以下是一个使用 asyncio 的示例代码,它展示了如何动态添加和管理异步任务。

import asyncio
import sys
import time

stop_event = asyncio.Event()

async def func(name):
    i = 0
    while not stop_event.is_set():
        print(f"{name} : {i}")
        i += 1
        await asyncio.sleep(1)

async def append_task(name):
    task = asyncio.create_task(func(name))
    return task

async def listen_for_input():
    reader = asyncio.StreamReader()
    protocol = asyncio.StreamReaderProtocol(reader)
    await asyncio.get_running_loop().connect_read_pipe(lambda: protocol, sys.stdin)

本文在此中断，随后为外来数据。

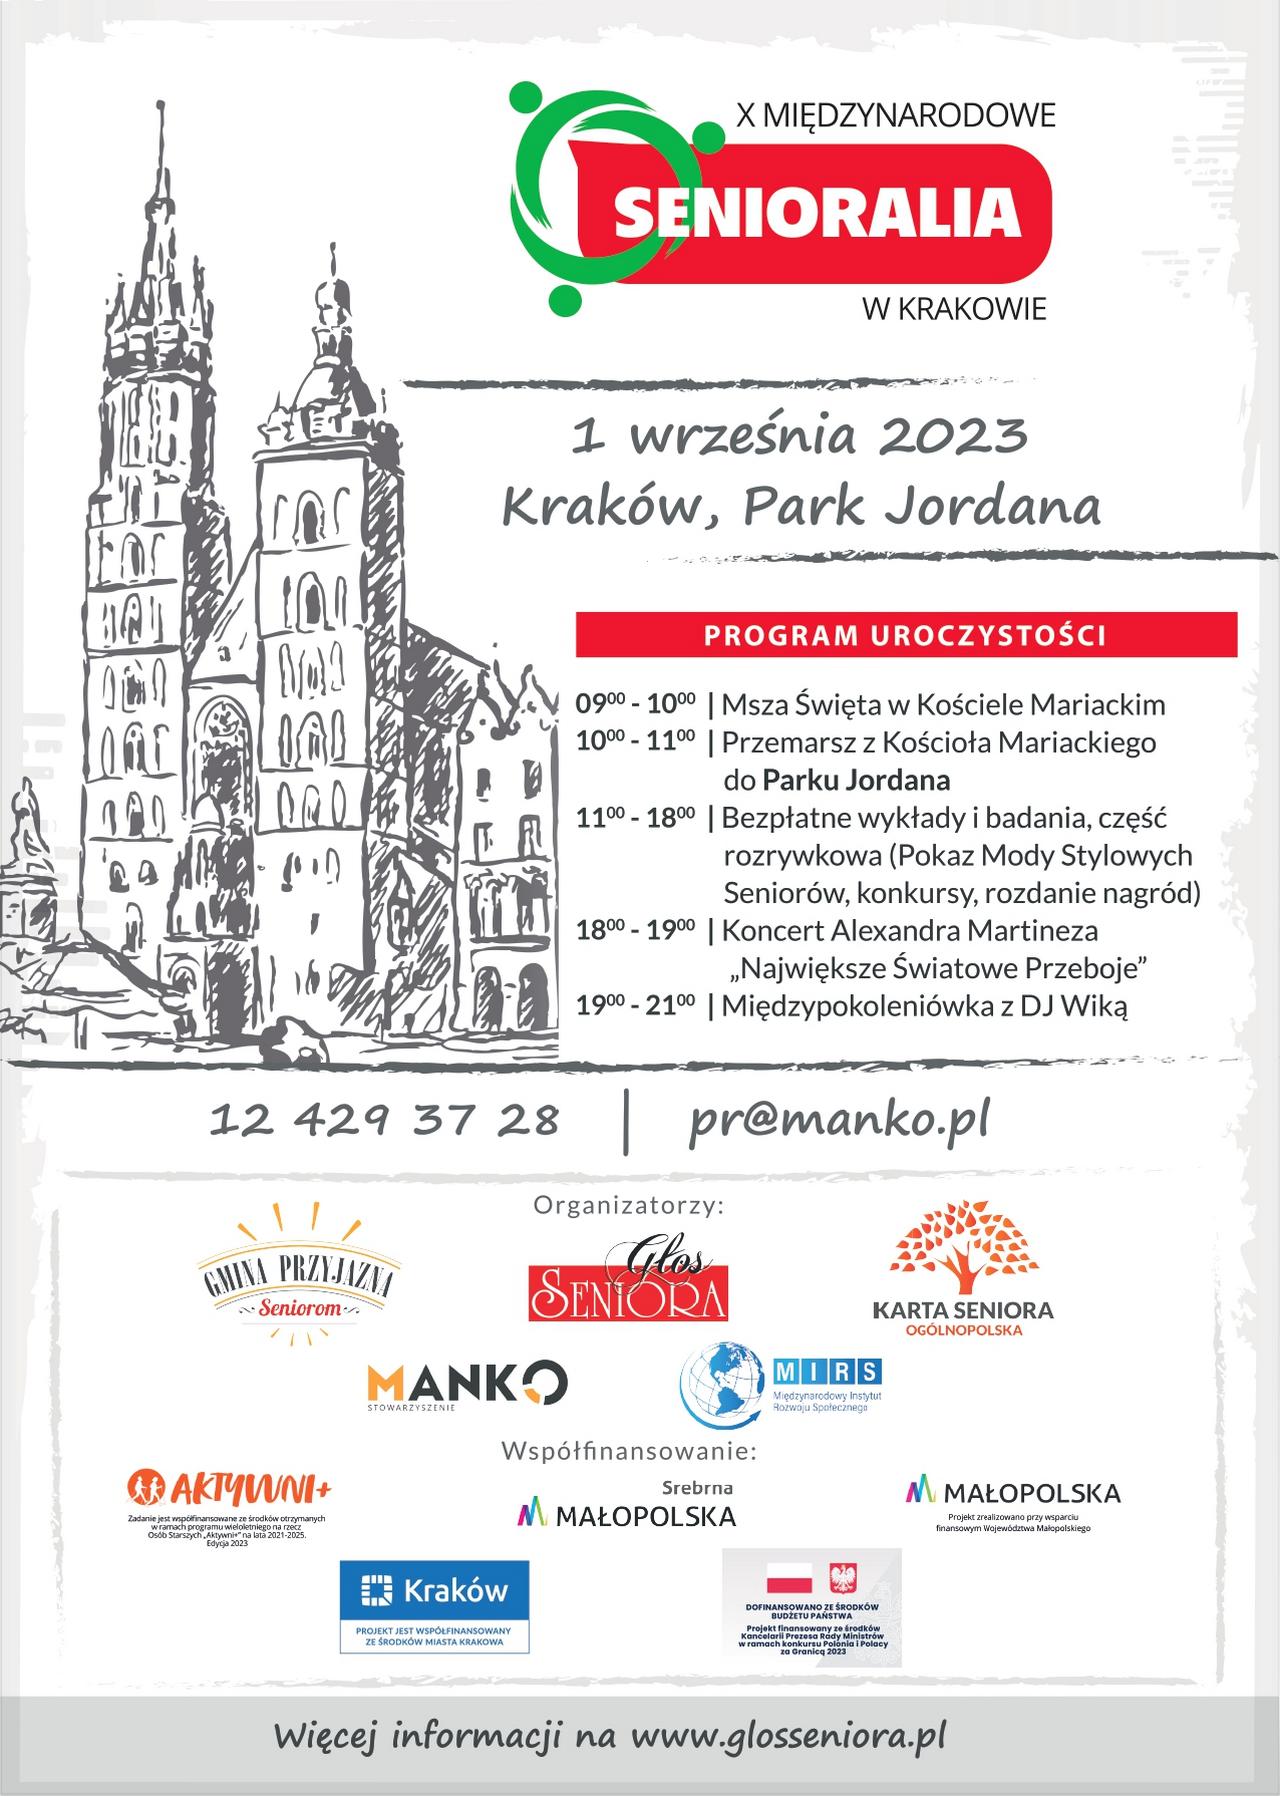 X Międzynarodowe Senioralia w Krakowie - 1 września 2023

    while not stop_event.is_set():
        input_line = await reader.readline()
        input_line = input_line.decode().strip()
        if input_line.lower() == "stop":
            stop_event.set()
        else:
            task = await append_task(input_line)
            task_list.append(task)

async def main():
    start_time = time.time()

    global task_list
    task_list = []
    input_task = asyncio.create_task(listen_for_input())

    # 使用事件循环持续运行,支持动态添加任务
    # while not stop_event.is_set():
    #    await asyncio.sleep(0.1)
    await stop_event.wait()

    await input_task
    await asyncio.gather(*task_list)

    end_time = time.time()
    print(f"Total run time: {end_time - start_time} seconds")

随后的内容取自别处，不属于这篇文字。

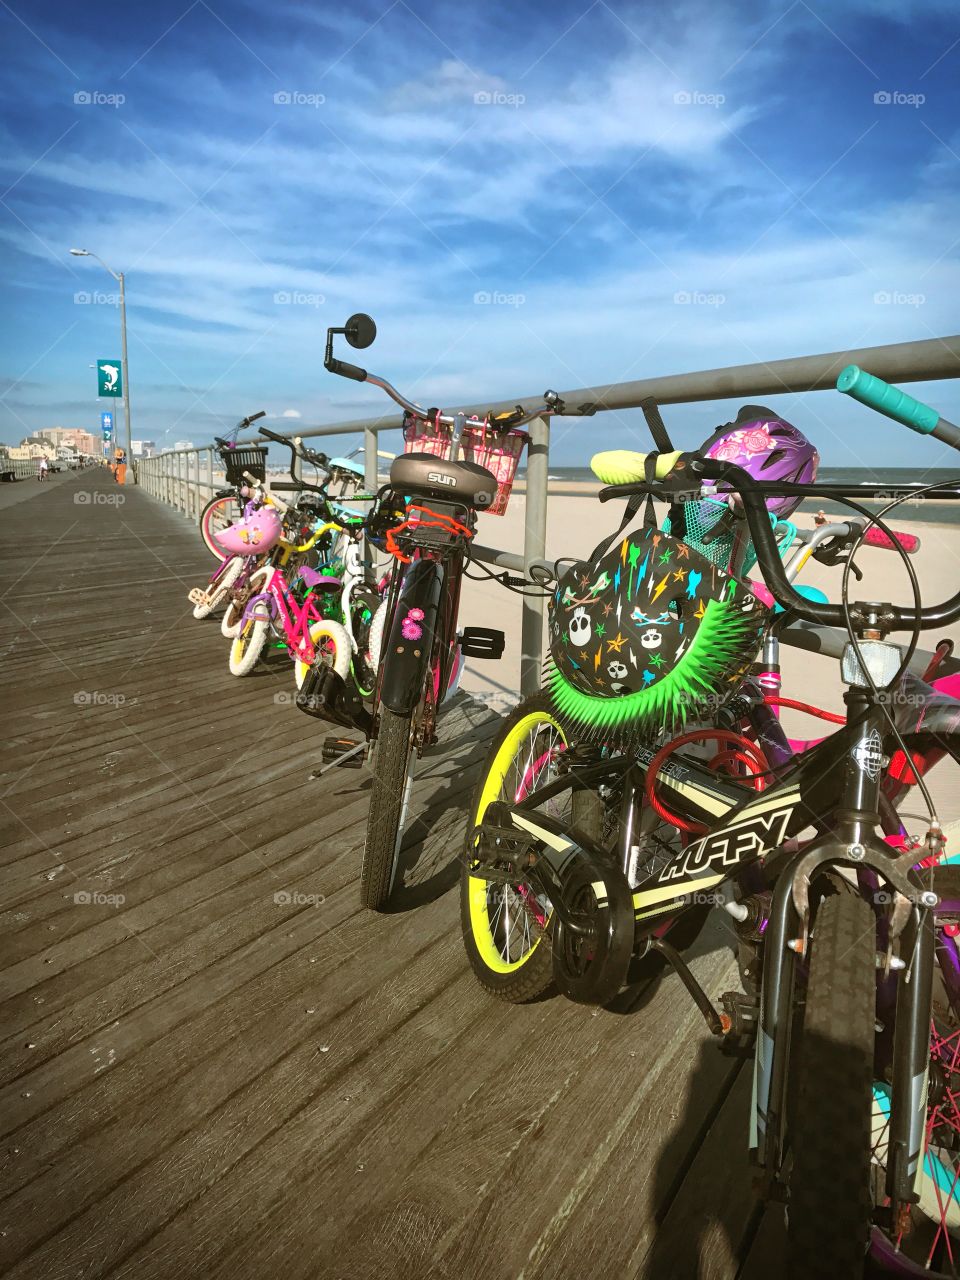 Bikes on the boardwalk

if __name__ == "__main__":
    asyncio.run(main())

运行结果

kkk@BugAutomaton:/tmp$ python test_async.py
a
a : 0
a : 1
b
b : 0
a : 2
b : 1
a : 3
b : 2
a : 4
c
c : 0
b : 3
a : 5
c : 1
b : 4
a : 6
c : 2
b : 5
a : 7
dc : 3

d : 0
b : 6
a : 8
c : 4
d : 1
b : 7
a : 9
c : 5
d : 2
e
e : 0
b : 8
a : 10
c : 6
d : 3
e : 1
b : 9
a : 11
c : 7
d : 4
e : 2
b : 10
a : 12
steopc : 8

steop : 0
d : 5
e : 3
b : 11
a : 13
c : 9
steop : 1
d : 6
e : 4
b : 12
a : 14
sc : 10
steop : 2
d : 7
te : 5
b : 13
oa : 15
p
Total run time: 16.707311153411865 seconds

windows 注意

输入读取需要改为

async def listen_for_input():
    loop = asyncio.get_running_loop()
    while not stop_event.is_set():
        # 使用run_in_executor异步读取输入行,避免阻塞事件循环
        input_line = await loop.run_in_executor(None, sys.stdin.readline)
        input_line = input_line.strip()
        if input_line.lower() == "stop":
            stop_event.set()
        else:
            task = await append_task(input_line)
            task_list.append(task)

代码解释

  1. func(name):这是一个异步函数,它会每秒打印一次传入的 name 和一个递增的计数器 i,直到 stop_event 被设置。
  2. append_task(name):这是一个辅助函数,用于创建并返回一个新的任务,该任务运行 func(name)
  3. listen_for_input():这是一个异步函数,它会监听标准输入。当用户输入 "stop" 时,它会设置 stop_event,否则它会创建一个新的任务并将其添加到 task_list 中。
  4. main():这是主函数,它初始化任务列表并启动 listen_for_input 任务。它会持续运行事件循环,直到 stop_event 被设置,然后等待所有任务完成并打印总运行时间。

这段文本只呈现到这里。